Cobb County spent more than $200,000 to rush absentee ballots to voters in the days before the Nov. 5 presidential election after processing issues threatened to disenfranchise thousands of residents.
The county paid, on average, roughly $60 to ship each of the 3,419 ballots it sent out late, according to records obtained by The Atlanta Journal-Constitution in response to an open-records request. An absentee ballot normally costs 97 cents to mail, but Cobb had to pay for expedited shipping each way to give voters a chance to return their ballots on time.
The costly episode exposed flaws in how Cobb — Georgia’s third-largest county — manages requests for absentee ballots, and it may lead to changes in how the county handles future elections. Cobb election director Tate Fall said she was studying how to revamp the system to avoid a repeat.
Fall said her office struggled to handle a last-minute surge in absentee requests, and it was running three days behind when the company that usually prints Cobb’s absentee ballots sent out its final batch. Once her staff caught up, they found the county’s ballot printer wasn’t working, Fall said.
By law, counties have three days to mail absentee ballots after voters apply for them, meaning the last ones should have been sent by Oct. 28. The U.S. Postal Service has said it received some Cobb ballots as late as the Saturday before Election day — five days after the deadline.
That posed a problem for the affected voters. Under Georgia law, absentee votes aren’t supposed to count if they arrive after the polls close on Election Day, so they had scant time to make their choices and send their ballots back.
To account for the delay, Cobb sent ballots via UPS overnight and USPS Express Mail, and it paid for express return labels.
Fall said some 79% of the voters impacted by absentee delays ultimately managed to have their votes counted, even though fewer than half of the affected ballots were returned before the normal Election Day deadline.
Nearly 600 of the voters turned out to the polls and voted in person instead, Fall said, and a Cobb superior court judge ruled that hundreds more ballots that arrived later in the week would still count.
The 431 late-arriving ballots threatened to be a flashpoint in the legal battles over Georgia’s election results.
After a group of voters represented by the American Civil Liberties Union and Southern Poverty Law Center successfully sued to extend the deadline, the Georgia Republican Party and Republican National Committee asked the state Supreme Court to enforce the original Election Day cutoff. Cobb has become an increasingly reliable stronghold for Democrats in recent elections, and nearly 57% of Cobb voters supported Vice President Kamala Harris this year.
The Republican groups dropped their challenge the day after statewide results showed a decisive win for President-elect Donald Trump in Georgia, allowing the contested ballots to be counted.

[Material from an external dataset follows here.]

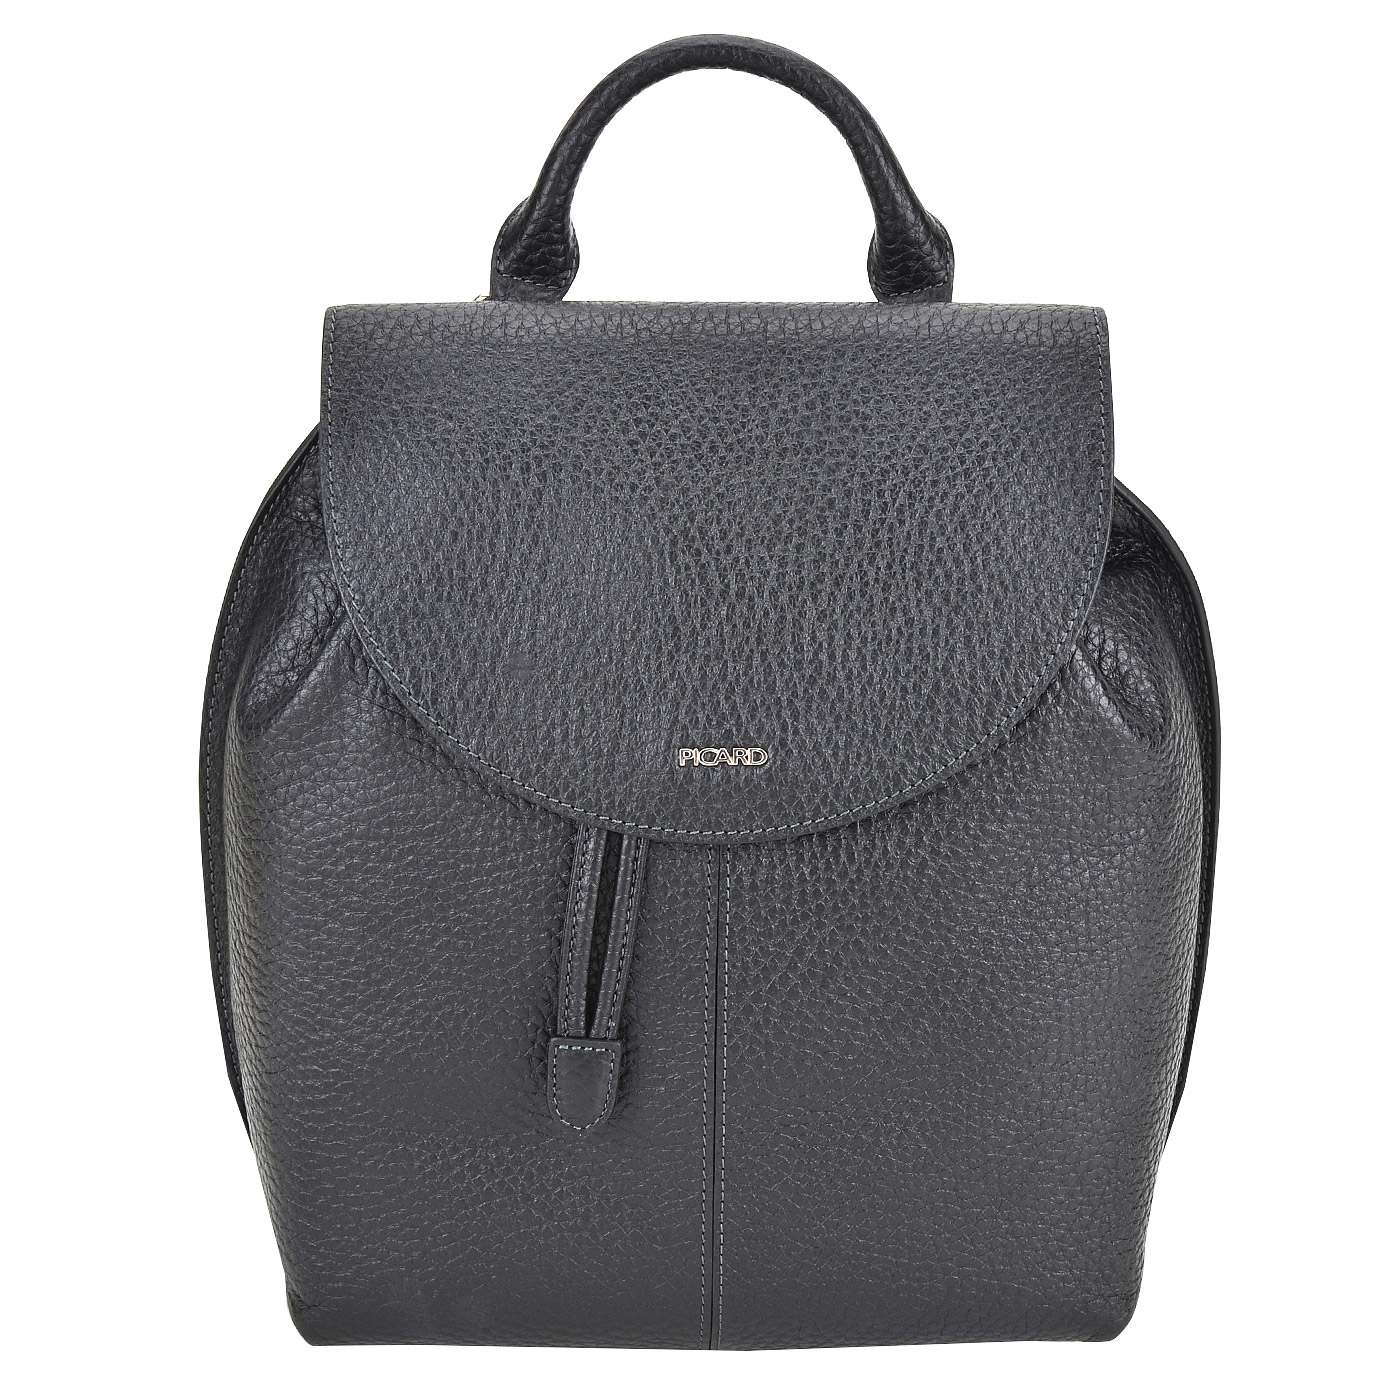 Женский кожаный рюкзак Picard Astana 8030 1D1 schwarz ... 35da3253e86

Fall, who became election director last December, said the Cobb elections office would take steps to make its vote-by-mail operation more efficient in the future. The county couldn’t keep up with the rush of last-minute absentee applications, she said, even though Cobb’s vote-by-mail processing center was fully staffed in the run-up to the election.
That’s partly because some workers were fielding questions from callers rather than processing applications, Fall said. To keep them freed up, she planned to assemble a call center for future elections.
And she said Cobb officials hoped to glean insights from how other counties process absentee applications. For instance, she said, they have been visiting counties with runoff elections to see how their processes work and asking officials in other areas for advice.
The goal, Fall said, is to “completely rebuild our process to ensure this doesn’t happen again.”